Java theory and practice: Going atomic

An algorithm is said to be wait-free if every thread will continue to make progress in the face of arbitrary delay (or even failure) of other threads.

By contrast, a lock-free algorithm requires only that some thread always make progress. (Another way of defining wait-free is that each thread is guaranteed to correctly compute its operations in a bounded number of its own steps, regardless of the actions, timing, interleaving, or speed of the other threads. This bound may be a function of the number of threads in the system.

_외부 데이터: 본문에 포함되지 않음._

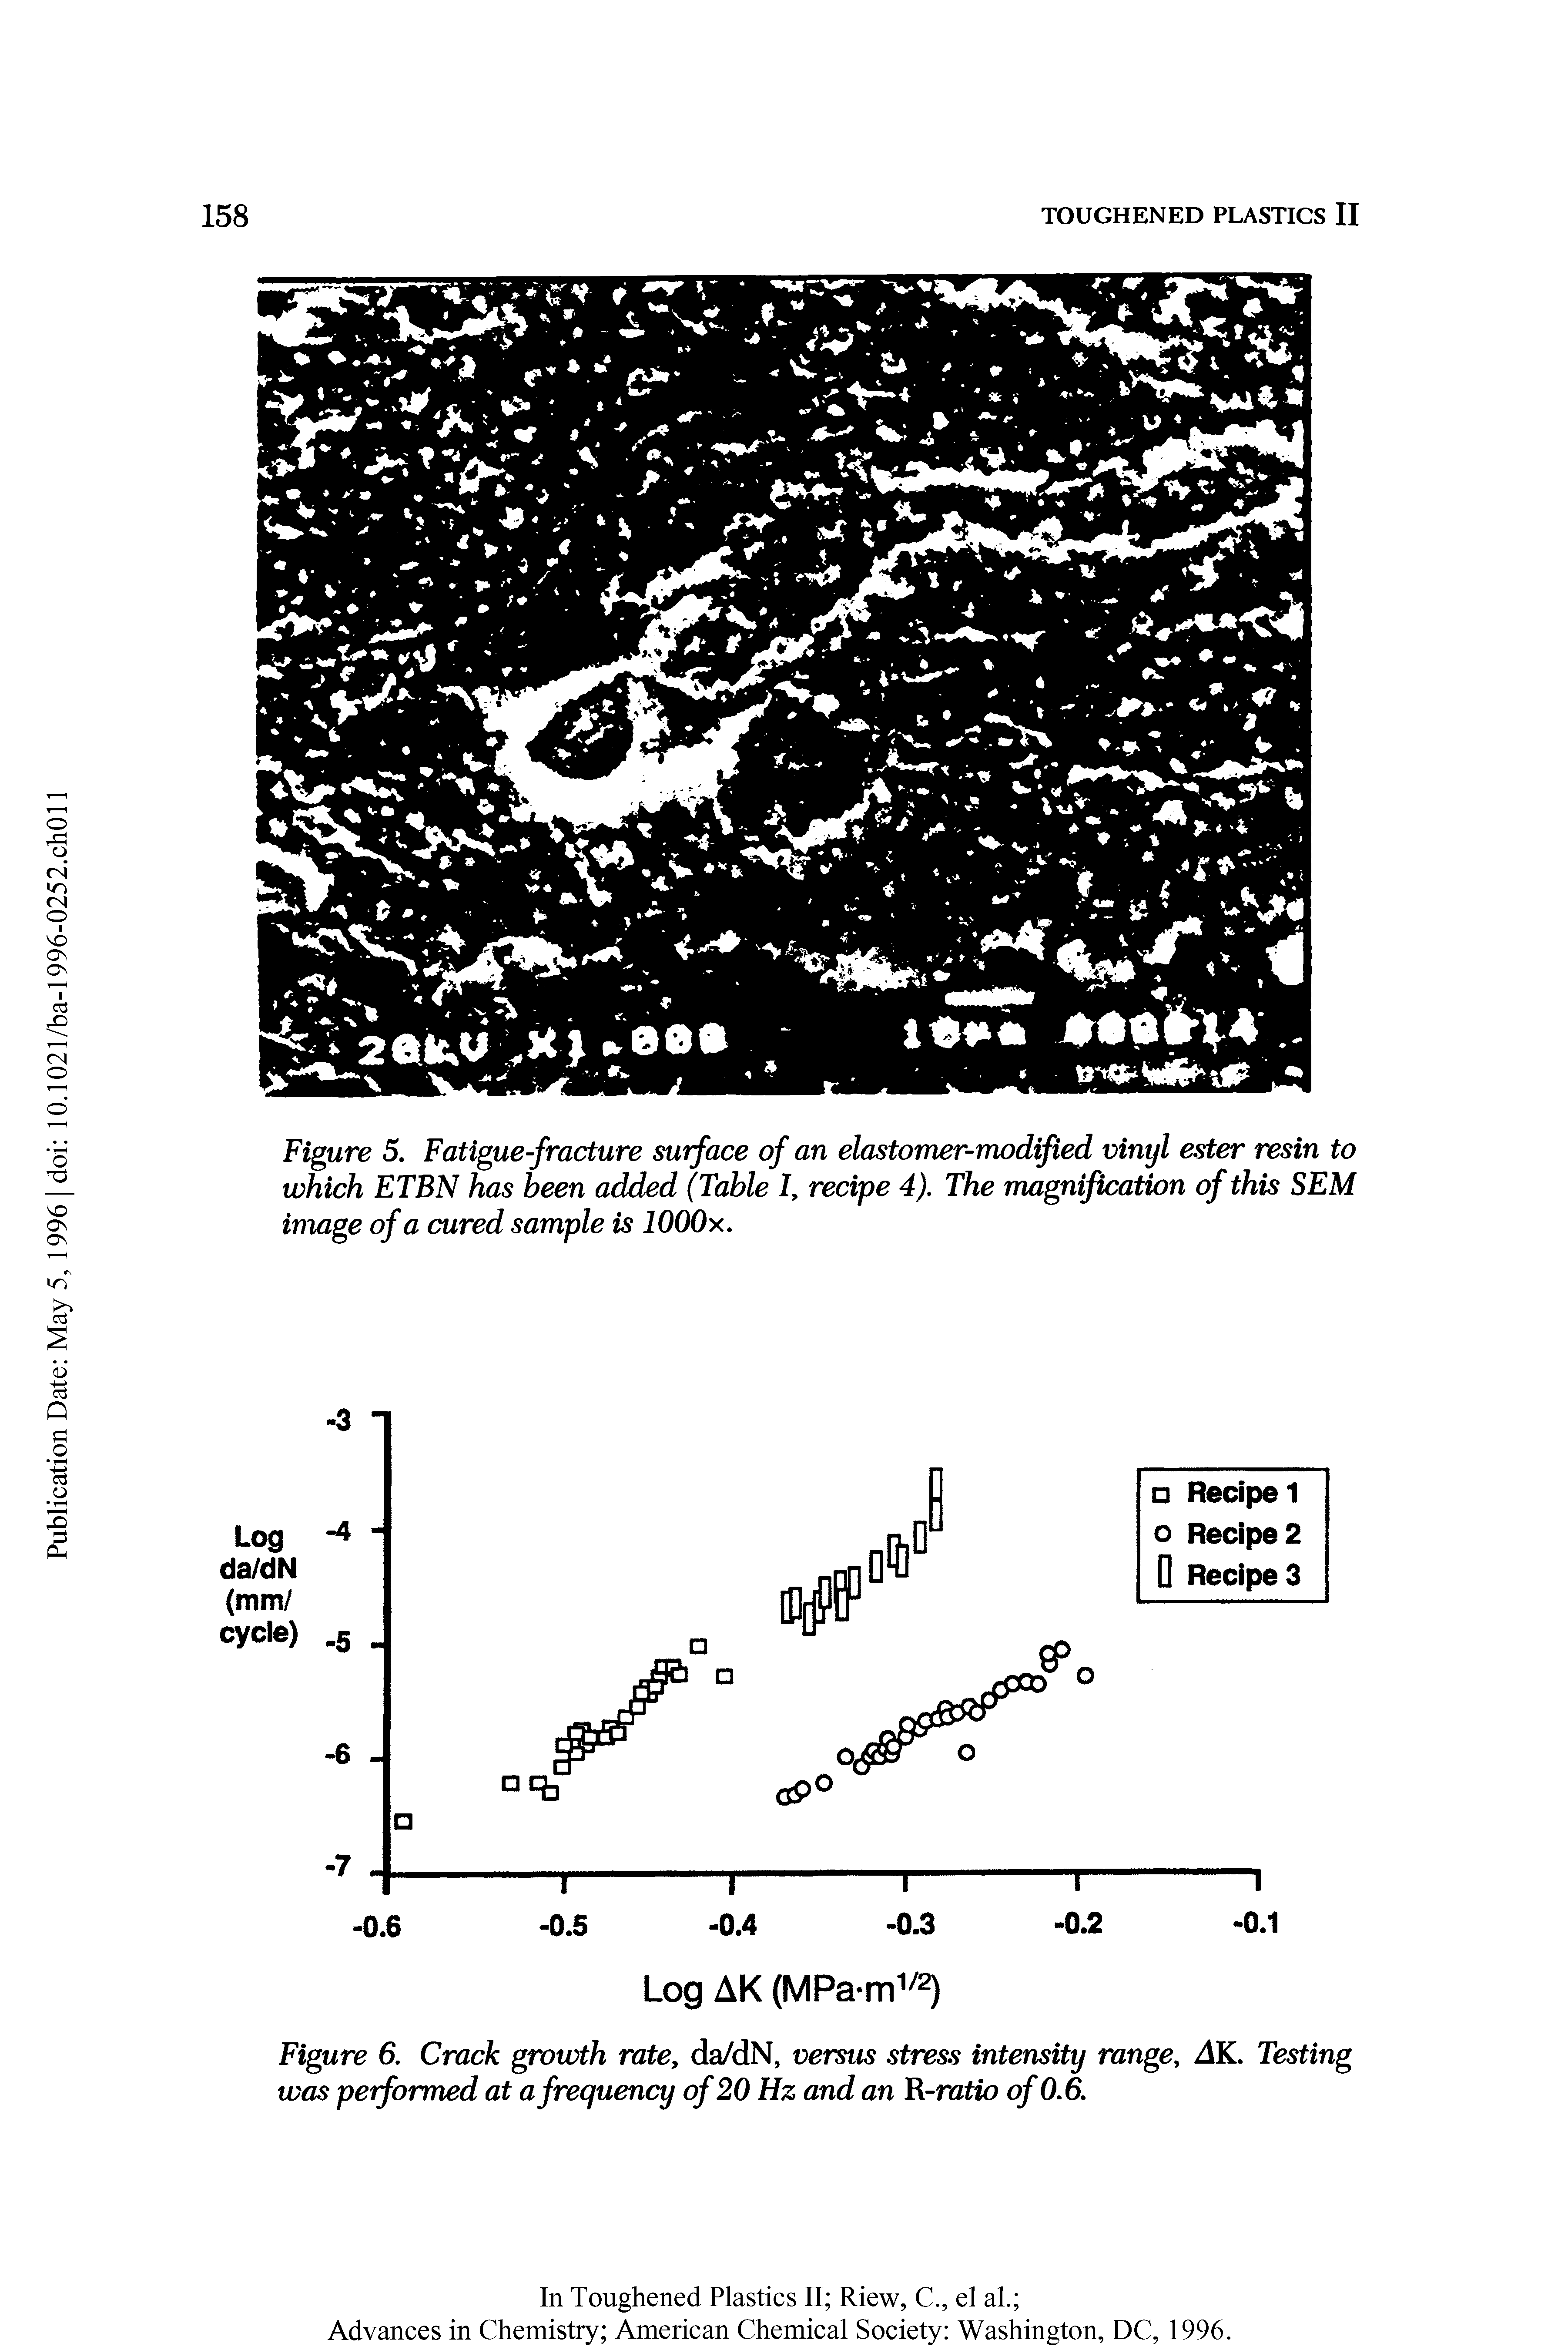 Figure 6. Crack growth rate, da/dN, versus stress intensity range, AK. Testing was performed at a frequency of 20 Hz and an R-ratio of 0.6.

뮤텍스 (락)을 사용한 Random Number Generator의 예

public class PseudoRandomUsingSynch implements PseudoRandom {
    private int seed;

    public PseudoRandomUsingSynch(int s) { seed = s; }

    public synchronized int nextInt(int n) {
        int s = seed;
        seed = Util.calculateNext(seed);
        return s % n;
    }
}

AutomicInteger와 CompareAndSet을 사용한 lock-free 구현

public class PseudoRandomUsingAtomic implements PseudoRandom {
    private final AtomicInteger seed;

    public PseudoRandomUsingAtomic(int s) {
        seed = new AtomicInteger(s);
    }

    public int nextInt(int n) {
        for (;;) {
            int s = seed.get();
            int nexts = Util.calculateNext(s);
            if (seed.compareAndSet(s, nexts))
                return s % n;
        }
    }
}